Adam¶

Description¶

Info

Parent class: Optimizer

Derived classes: -

Adam (adaptive moment estimation) - optimization algorithm that combines the inertia principles of MomentumSGD and adaptive parameter updating of AdaGrad and its modifications.

To implement the algorithm, it is necessary to use the approach of an exponentially decaying moving average for the gradients of the target function and their squares:

\begin{equation} m_t = \beta_1{m_{t-1}} + (1 - \beta_1)g_t \end{equation}

\begin{equation} \upsilon_t = \beta_2{\upsilon_{t-1}} + (1 - \beta_2)g_t^2 \end{equation}

where

$m_t$ - estimate of the first moment (average of gradients);
$\upsilon_t$ - estimate of the second moment (average non-centered dispersion of gradients).

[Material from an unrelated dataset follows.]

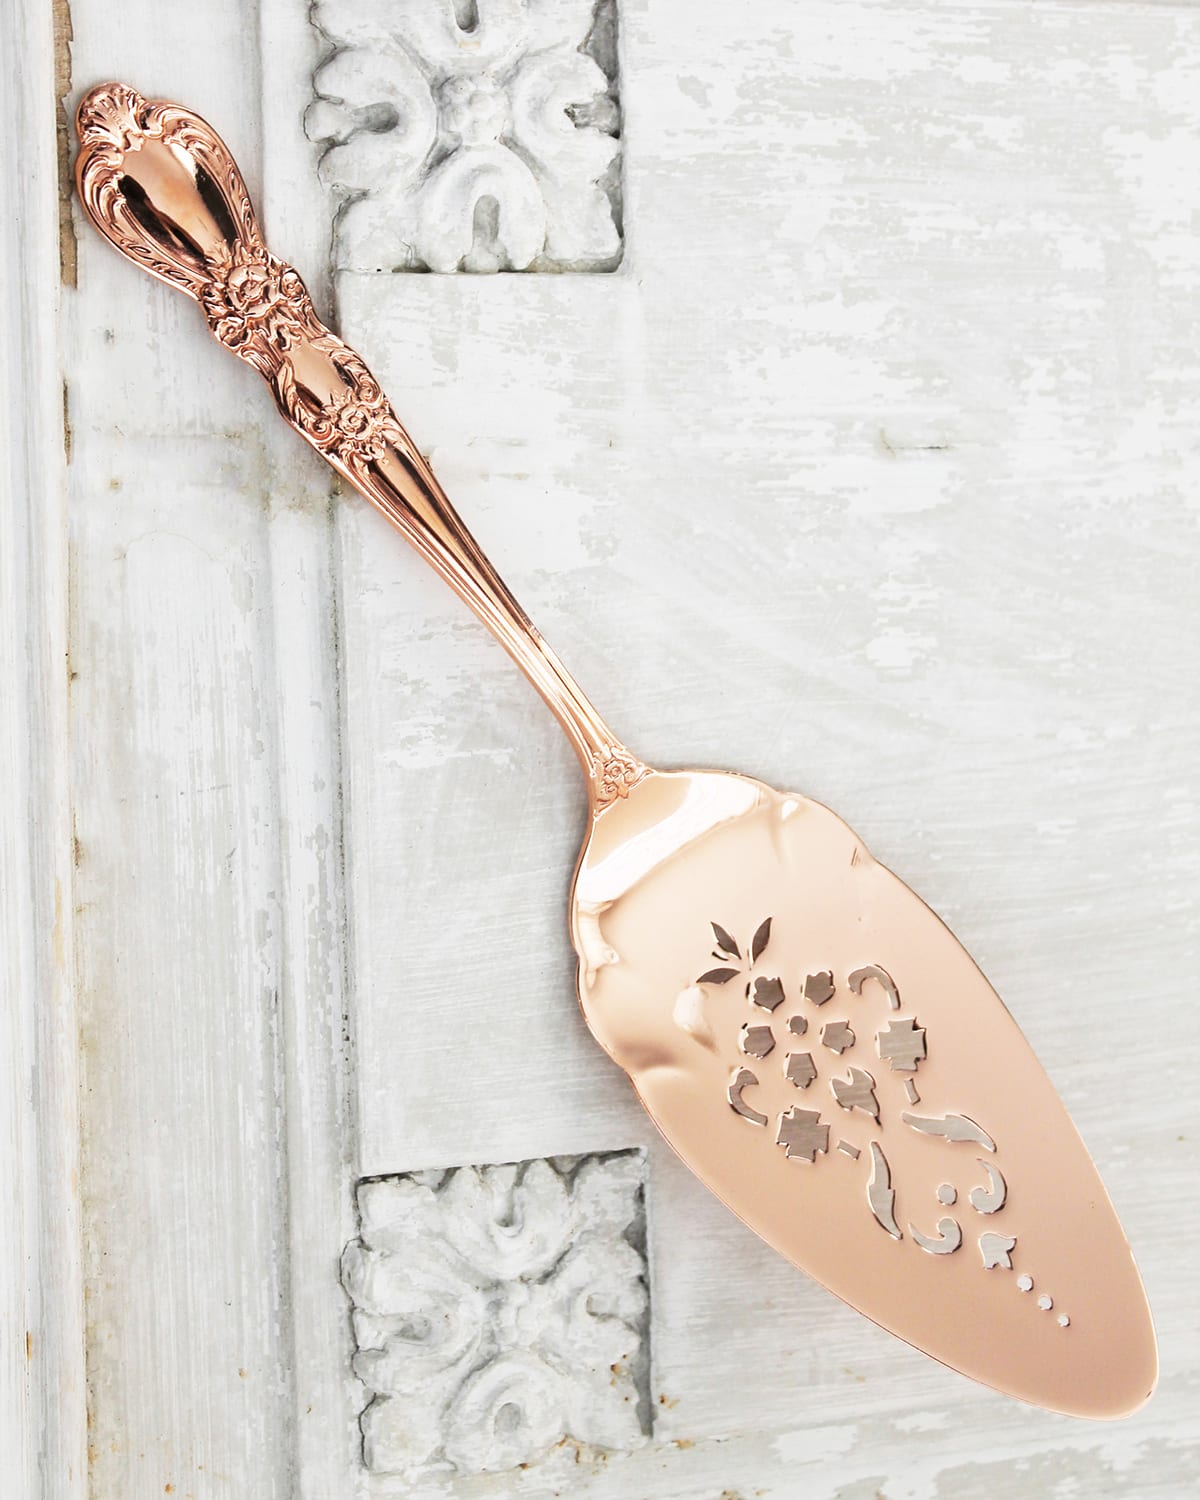 Coppermill Kitchen Vintage Inspired Measuring Spoons

However, in this definition there is the problem of the long accumulation of $m_t$ and $\upsilon_t$ at the beginning of the algorithm, especially when the decay rates $\beta_1$ and $\beta_2$ are close to $1$ .

In order to get rid of this problem and avoid introducing new hyperparameters, the estimates of the first and second moments are slightly modified:

\begin{equation} \hat{m_t} = \frac{m_t}{1 - \beta_1^t} \end{equation}

\begin{equation} \hat{\upsilon_t} = \frac{\upsilon_t}{1 - \beta_2^t} \end{equation}

Then the expression for parameter updating is:

$\theta_{t + 1} = \theta_t - \frac {\eta}{\sqrt{\hat{\upsilon_t}} + \epsilon} \hat{m_t}$

The authors of the algorithm recommend using the following parameter values: $\beta_1=0.9$ , $\beta_2=0.999$ , $\epsilon=1e-8$ .

Initializing¶

def __init__(self, alpha=1e-3, beta1=0.9, beta2=0.999, epsilon=1e-8, nodeinfo=None):

Parameters

Parameter	Allowed types	Description	Default
alpha	float	Step size	1e-3
beta1	float	Exponential decay rate of the 1^st momentum	0.9
beta2	float	Exponential decay rate of the 2^nd momentum	0.999
epsilon	float	Smoothing parameter	1e-6
nodeinfo	NodeInfo	Object containing information about the computational node	None

Explanations

-

Examples¶

Necessary imports:

import numpy as np
from PuzzleLib.Optimizers import Adam
from PuzzleLib.Backend import gpuarray

Info

gpuarray is required to properly place the tensor in the GPU.

Let us set up a synthetic training dataset:

data = gpuarray.to_gpu(np.random.randn(16, 128).astype(np.float32))
target = gpuarray.to_gpu(np.random.randn(16, 1).astype(np.float32))

Declaring the optimizer:

optimizer = Adam()

Suppose there is already some net network defined, for example, through Graph, then in order to install the optimizer on the network, we need the following:

optimizer.setupOn(net, useGlobalState=True)

Info

You can read more about optimizer methods and their parameters in the description of the Optimizer parent class

Moreover, let there be some loss error function, inherited from Cost, calculating its gradient as well. Then we get the implementation of the optimization process:

for i in range(100):
... predictions = net(data)
... error, grad = loss(predictions, target)

... optimizer.zeroGradParams()
... net.backward(grad)
... optimizer.update()

... if (i + 1) % 5 == 0:
...   print("Iteration #%d error: %s" % (i + 1, error))